Based on the consumer price index data published by the Department of Statistics Malaysia, prices of health products and services do not vary much and contribute little to the overall inflationary pressure in Malaysia.
Inflation rates of pharmaceutical and medical products remain at good levels. For instance, the overall average inflation rate for 2011-2018 is 2.4 percent, with 2.6 percent for pharmaceutical and 2.2 percent for medical products.
With a proper process and open tender system in place, the prices of health products and services could be much lower in the future.
The transition process should take some time, perhaps several years, to avoid supply disruption in the market, especially to public hospitals and health clinics.
Supply disruptions can lead to other issues like sudden price hike and affecting the quality of the medicine.
Hopefully, the changes being adopted by MOH will not affect a big company like Pharmaniaga much. The pharmaceutical giant is expected to remain stable due to its long experience and involvement in the Malaysian health sector.
Let us not forget last year’s motion tabled in the Dewan Rakyat to reallocate RM20 billion to the Health Ministry from the Prime Minister’s Office and the Defence Ministry.
It was exposed in the Parliament that a reduction in government subsidies in the health sector in the last few years has resulted in rising costs being passed onto patients.
Careful steps need to be considered so as to not harm both the rakyat’s health and financial situation, for both short and long terms.
Therefore, the government has made a responsible move by agreeing to continue Pharmaniaga’s services until the open tender system is ready. This is to ensure no disruption to the supply chain of medical supplies.
A clean process and transparent government procurement are among promises made by the Harapan government to ensure good governance, better fiscal management and market efficiency.
Looking ahead, an open tender system can provide opportunities for new medical-related companies, especially local small and medium industries, to participate in the healthcare sector.
The health minister’s move is most welcomed by Malaysians, and should mark a new era in which a transparent and clean government procurement process is conducted.
In the end, it is about the balance between the consumer and the producer. For the rakyat, lower charges for medical services and cheaper medicines are the priorities.
For pharmaceutical companies, the government has to ensure fair opportunities to compete without compromising the quality of the medical services and products delivered.
Malaysia’s public health expenditure in relation to the country’s GDP is two percent in 2018. It is a low figure when compared to other developed economies.
For comparison, Singapore spends 4.9 percent of GDP on health, Australia 9.4 percent, Japan 10.2 percent and South Korea 7.2 percent.
Dzulkefly (above) said in May last year that the health sector spending is targeted to reach 6-7 percent for Malaysia.
An increase in healthcare spending is important.

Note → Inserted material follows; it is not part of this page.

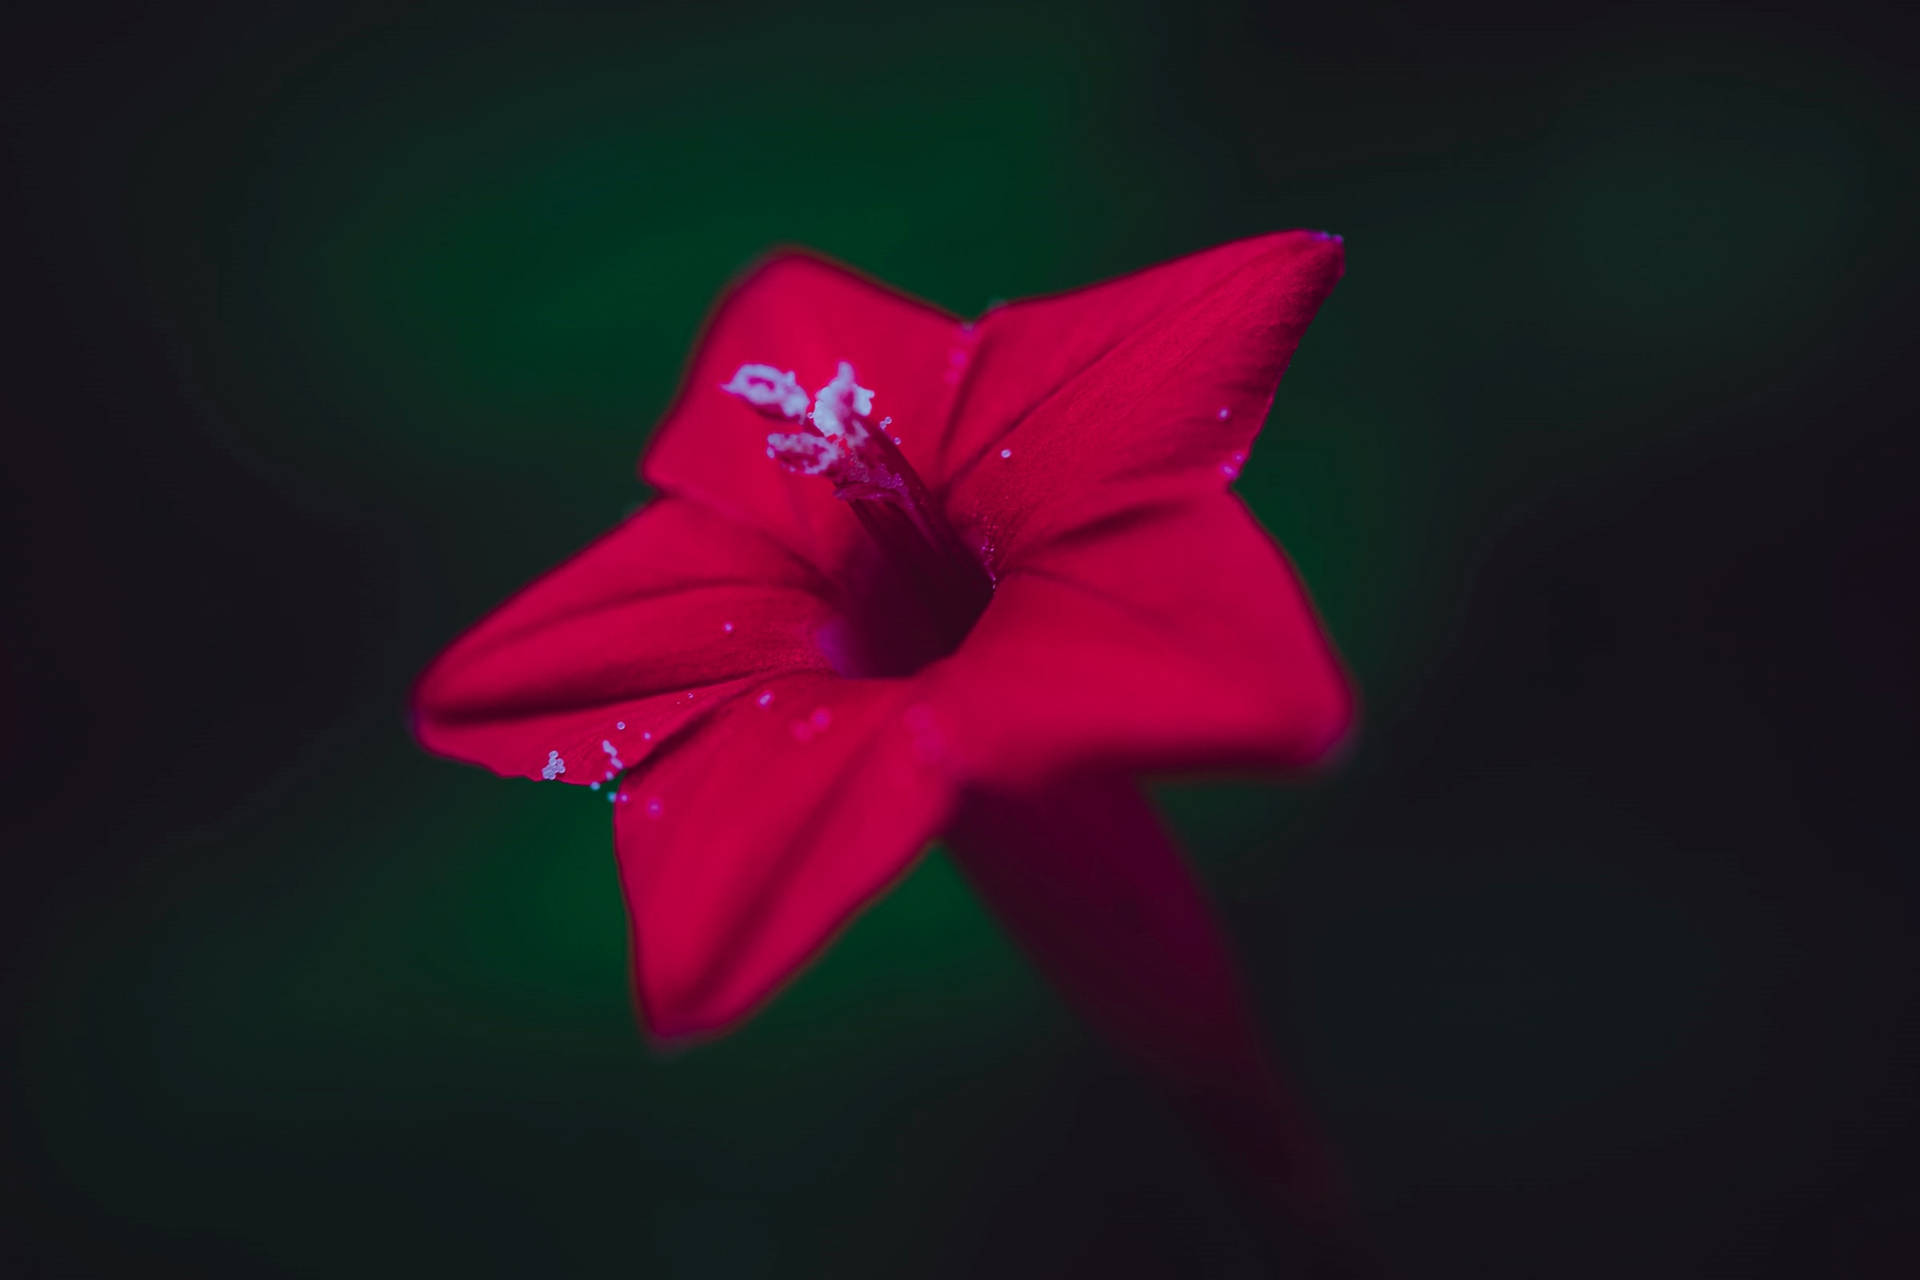 Red Star-like Flower

Greater focus is highly required for the sector.
The quality of health services provided, enough medical supplies in the rural areas, research and development, and a glut of medical graduates are among the key issues which need critical solutions.
Finally, the recent wake-up call from the Tanjung Piai by-election should motivate the Harapan government to react faster and more efficiently.
For the health sector, liberalising the market and ensuring a better quality of medicine and services provided are the long-term strategies which the government is focusing on.
WAN ANWAR BIN WAN IBRAHIM is the national vice youth head of Parti Amanah Negara (Amanah).The views expressed here are those of the author/contributor and do not necessarily represent the views of Malaysiakini.